The NOUVROKER project documented all the changes in the code comments and the systematic literature sections with definitions and table of contents.
# Assignment
# Read and Explore All Datasets
# Data Engineering
Handling Pics Data
Number of Interactions Within 3 Days
Number of Interactions Within 7 Days
Merge Data
# Exploratory Data Analysis and Processing
# Feature Engineering
Remove Outliers
One-Hot Encoding
MinMaxScaler
Classical Machine Learning
Predicting Interactions Within 3 Days
Deep Learning
# Try to correct the first Json
# Try to replace corrupted values then convert to json
# Function to correct corrupted json and get count of photos
Control and news. Track the change in your cleaning logic. Keep the information central. Keep a Changelog of what you tried and what works.
The goal is not perfection. The goal is clarity. If you can't explain why you made a decision, you can't protect yourself when the model fails.

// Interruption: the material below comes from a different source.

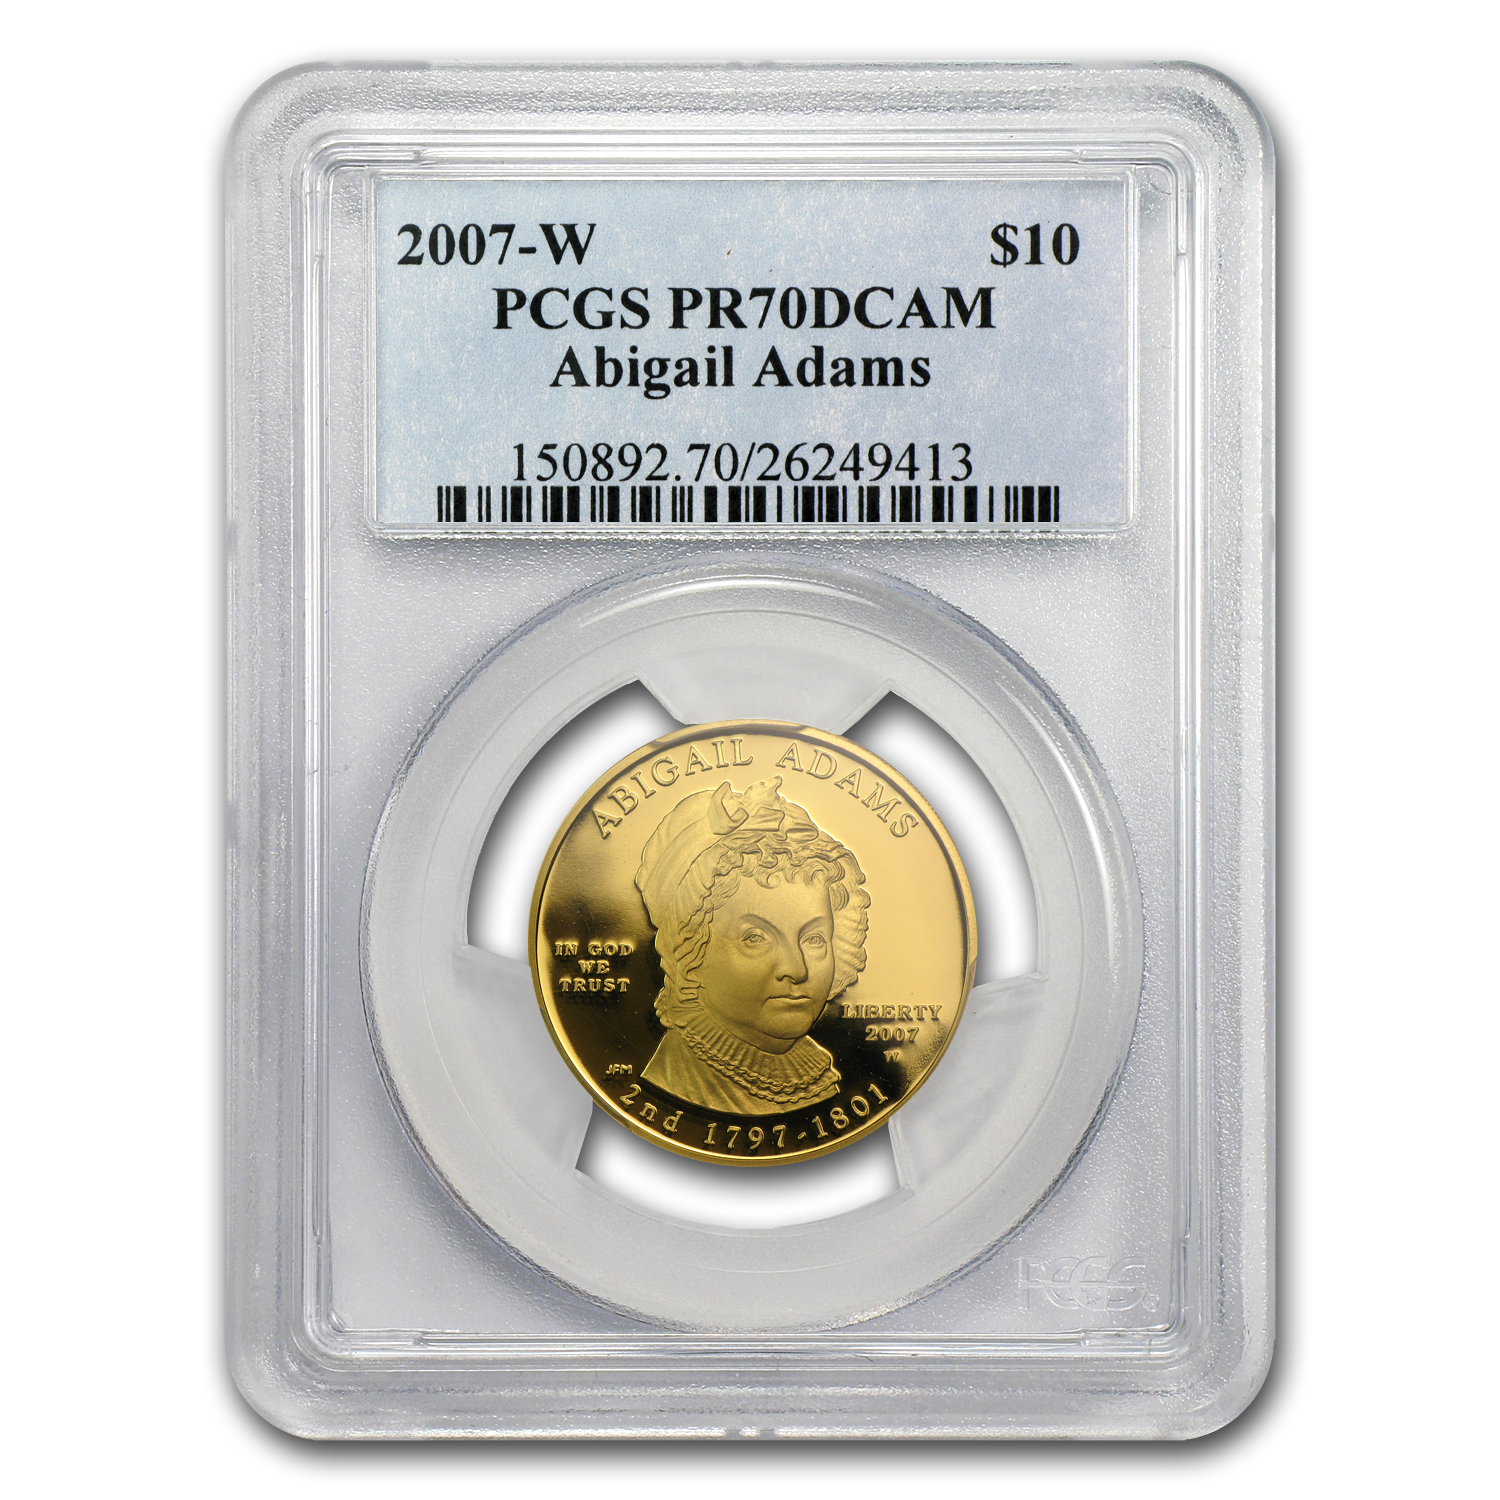 Buy 2007-W 1/2 oz Proof Gold Abigail Adams PR-70 PCGS - Click Image to Close

The obvious Final thoughts
Clean data is a myth. The best DATA scientists don't shy away from messy data; They know how to control themselves. They get lost values before training.
They are able to identify sellers before they influence forecasts. They check the Schemas before joining the tables. And they write everything down so the next person doesn't have to start from scratch.
There is no real impact from the complete data. It comes from the ability to deal with flawed data and still create something that works.
So when you have to deal with a dataset and you see null values, broken strings, and sellers, don't be afraid. What you see is not a problem but an opportunity to show your skills against real world data.
Nate receipt He is a data scientist and product strategist. He is also a self-proclaimed educationalist, and the founder of Stratascratch, a platform that helps data scientists prepare for their interviews with real interview questions from top companies. Nate writes on the latest trends in the job market, gives interactive advice, shares data science projects, and covers all things SQL.